Przespałam się z waszymi radami
myślę, że mała rabatka będzie taka: na przodzie zostawię żurawki za nimi zamiast lawendy dam małe hosty między nimi posadzę trzmielinę na pniu. Myślę żeby wysypać tam żwirek. Jak coś nie tak albo macie inne pomysły to proszę o komentarz.
Co do tej dużej rabaty to chyba zostanę przy kole, bo chce żeby tam też trawnik został, a jakoś nie widzę tam prostokątnych rabat
. Posadzę więcej roślin, lawendy nie będę męczyła pod bukszpanami zastąpię ją może tawułką. Dodam więcej róż i host może w różnych kolorach, żurawki myślę że nie tylko żółte, ale i bordowe zrobię. Myślę jeszcze nad czymś kwitnącym latem tylko marzyłyby mi się jakieś intensywnie kwitnące (coś fioletowego lub żółtego boję się mieszać więcej kolorów a i tak już żurawki bordowe doszły) przed żywopłocikiem z bukszpanu nasadzę dużo żółtych tulipanów. Zastanawiam się nad obrzeżem takim z kostki zrobionym na stałe, żeby trawa mi tam nie wrastała.

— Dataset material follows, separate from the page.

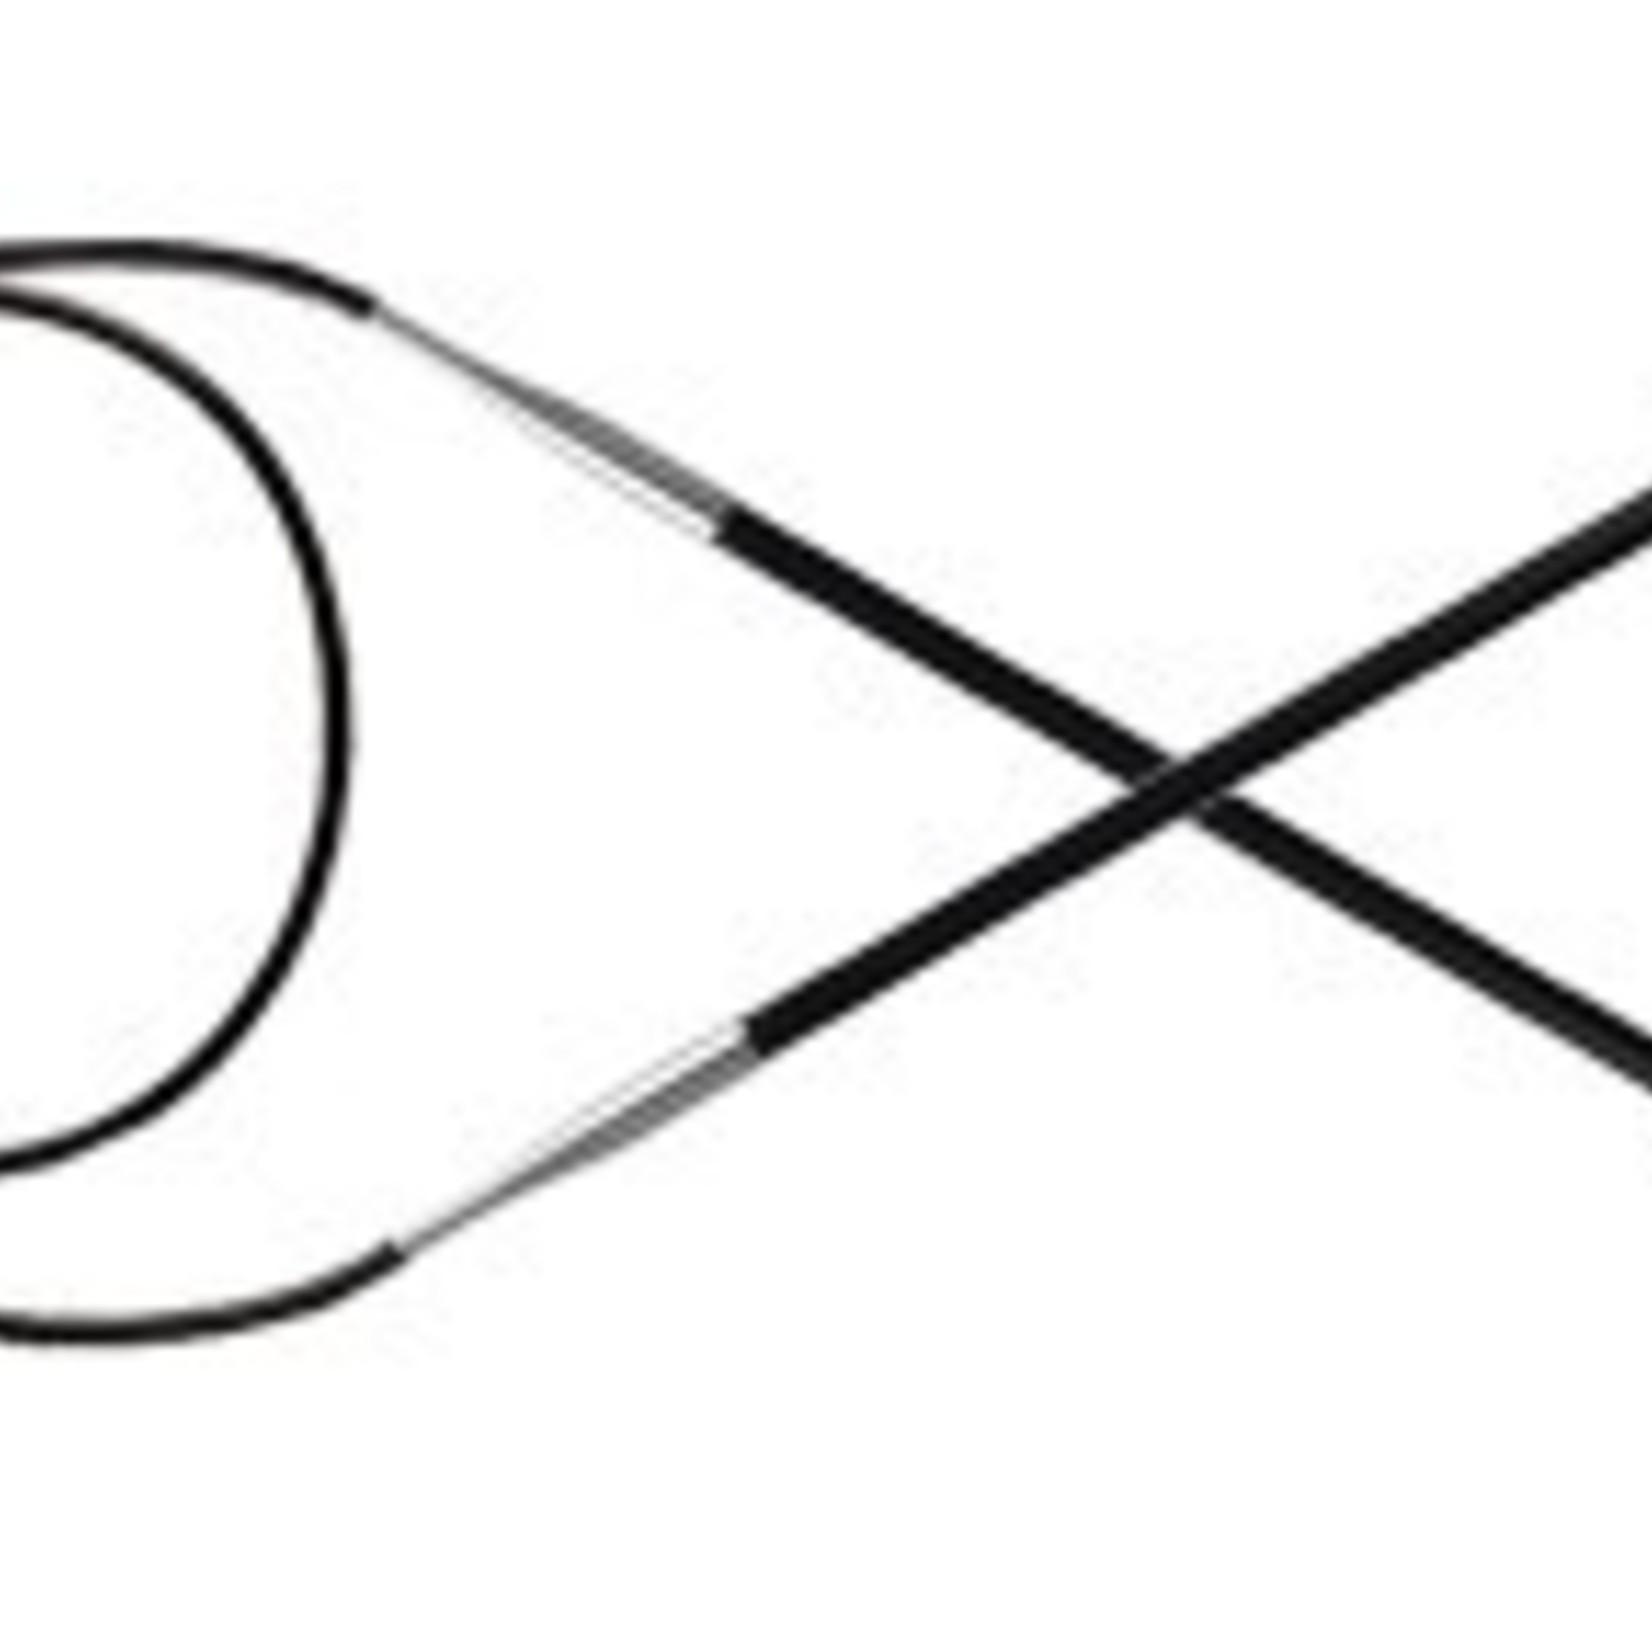 Knitter's Pride 3 Karbonz Circular 40

Brak mi też pomysłu na te nieszczęsne gazony
oj rabatka byłaby tam fajna
ale niestety nie mogę. Tłumaczą mi to ukształtowaniem terenu wcześniej kilkanaście lat wcześniej nie było gazonów tylko takie 25 cm (wys.)obrzeże bo ziemia z tej skarpy się wsypywała na chodnik.
Jedyny pomysł jaki mi przychodzi do głowy to to że skoro nie mogę mieć lawendy na rabacie to dam ją tam po trzy gazony z lawenda i trzy z żurawka czerwoną. Co prawda rabaty to mi nie zastąpi, ale zawsze coś się zmieni. Jeśli coś by Wam przyszło do głowy to będę wdzięczna za sugestie.